Tarih: 27.06.2011 |  Haberler
Bu zorbalığa razı olacak mıyız?

AKP, halk iradesine yönelik darbesine devam ediyor. BDP ağırlıklı Emek, Demokrasi ve Özgürlük Bloku listesinden Şanlıurfa milletvekili seçilen İbrahim Ayhan'ın ve Mardin milletvekili seçilen Gülser Yıldırım'ın tutukluğunu kaldırma talebi de bugün (26 Haziran 2011) reddedildi.

AKP, muhalif milletvekillerini hapiste tutmak için elinden geleni yapıyor. Ülkeyi seçimle, halk oyuyla, demokratik yöntemle değil; sermayenin, devletin ve dinin seçimsiz gücüyle yönettiğini gözümüze sokuyor. Yönetim ilkesi, insanları açlıkla terbiye etmek, baskı ve terörle yıldırmak, beyinlerini dogmalarla uyuşturmak ve yalanlarla yıkamak. AKP, işçi sınıfını, emekçileri, Kürt halkını aşağılıyor, onların oylarını çöpe atıyor; onların seçtiği milletvekillerini, sözcülerini gözünü kırpmadan siyasal ölüme yolluyor.

Ne var ki, halk iradesini katledenler, ne yaparlarsa yapsınlar, koskoca bir ülkeyi halk adına yönetemezler. Dünyanın hiçbir yerinde bu zorbalığa artık kimse razı olmaz. Tunus'tan ve Mısır'dan sonra, neoliberal karşıdevrimler döneminin ölü toprağını üzerinden atan ve hakkını sokaklarda, meydanlarda arayan işçilerin, emekçilerin, ezilen halkların yarattığı yeni devrimci dönemde, kapitalist oligarşilerin despotizmine kimse pabuç bırakmaz.

Sadece sosyalizmin ve devrimci demokrasinin değil, burjuvazinin çıkarlarına göre kötürümleştirilmiş liberal demokrasinin bile en temel kuralını (egemenlik halka aittir; siyasal yönetim halka dayanır; kimse kaynağını halktan almayan bir yönetim yetkisi kullanamaz; seçilenler yönetir, seçilmeyenler yönetemez) paramparça etmekte hiçbir sakınca görmeyen AKP, üstelik, bu gayrimeşru davranışını protesto eden kitleleri, bugün Şişli'de yaptığı gibi, gazlıyor, milletvekillerini yerlerde süründürüyor, apaçık haksızlığa uğradığını söylemek isteyen halkın ağzına kilit vuruyor.

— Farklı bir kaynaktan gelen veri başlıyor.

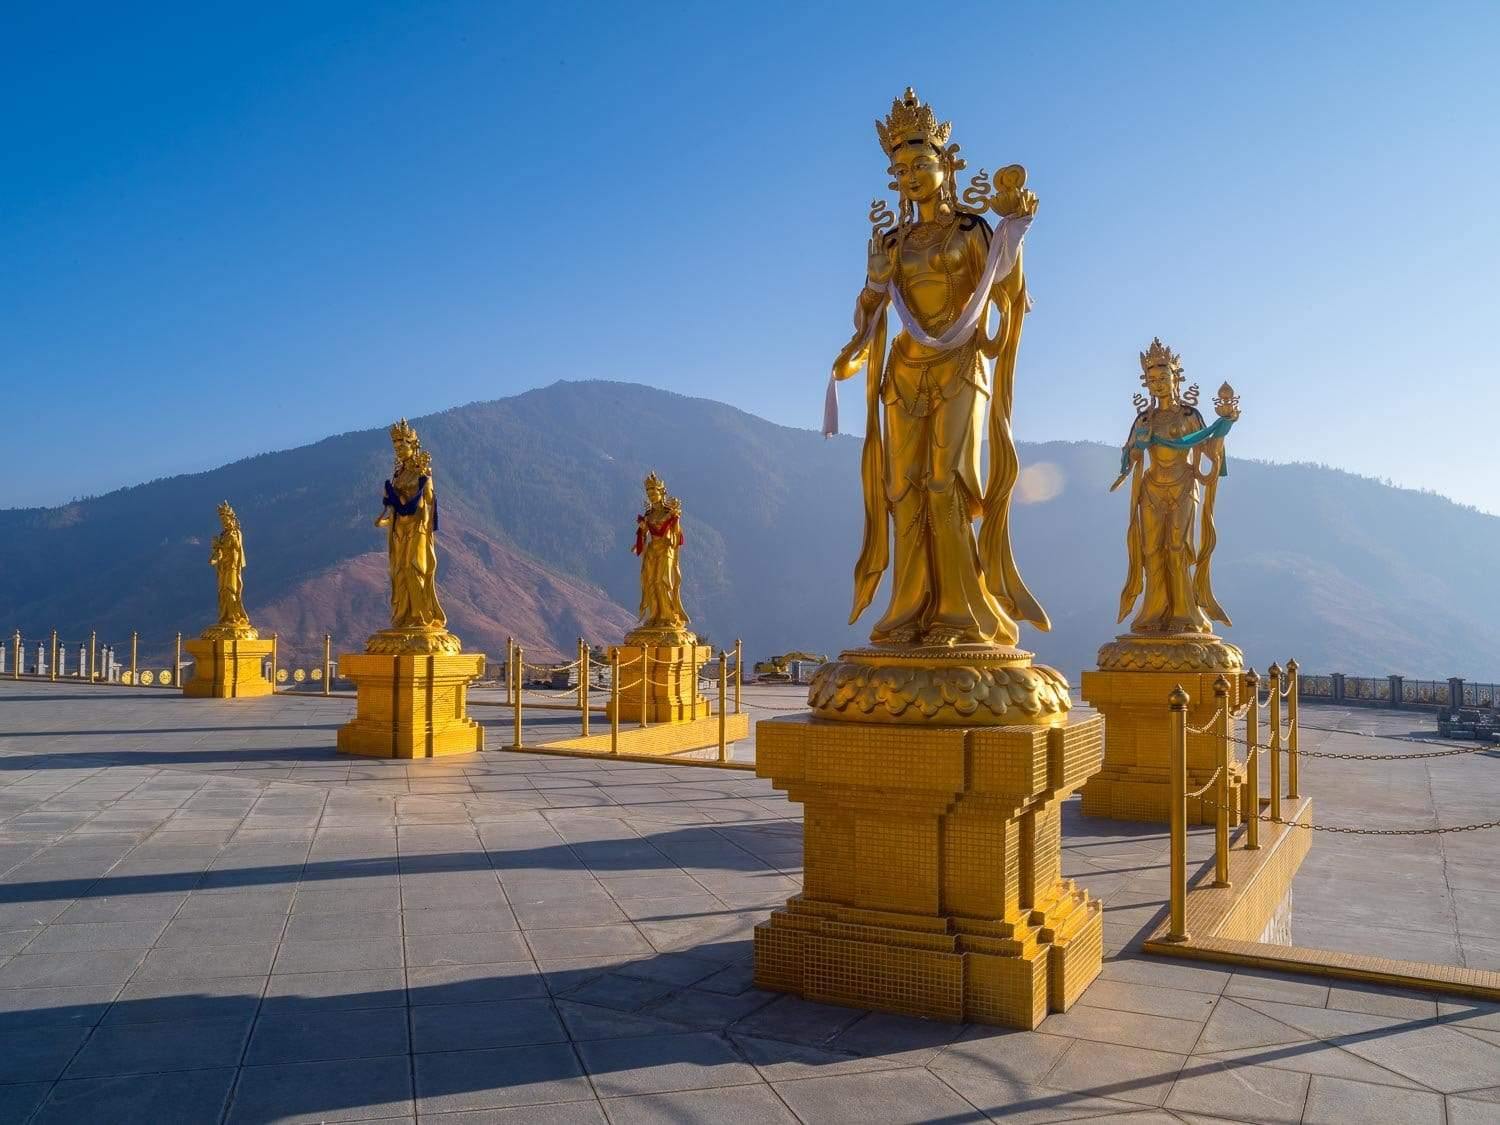 Group of golden standing statues, Golden Statues

Kısacası, 12 Eylül diktatörlüğünün mirasına konan ve bu mirası din dozunu gittikçe arttırarak geliştiren AKP rejiminde zulüm serbest, zulme uğradığını söylemek yasak. Ama işin tuhafı şu ki, irili ufaklı bütün AKP sözcüleri, bir de ileri demokratlık taslıyorlar.

Kerameti kendinden menkul bu ileri demokratlar, milletvekillerini siyasal ölüme mahkûm ettikleri, zulüm uyguladıkları ve aşağıladıkları bütün partilerin ağzına yalancı meme veriyorlar; onlara, bütün yaptıklarımızı sineye çekin, çünkü yeni anayasa yapacağız ve sizi de bu sürece katacağız diyorlar. AKP, yaptıklarının üstüne tüy dikiyor, herkesi düpedüz aptal yerine koyuyor.

AKP, kayıtsız şartsız halka ait olan egemenliği herkesin gözü önünde zor kullanarak gasbediyor. Dünyanın hiçbir yerinde kimsenin razı olmayacağı bu zorbalığa biz razı olacak mıyız?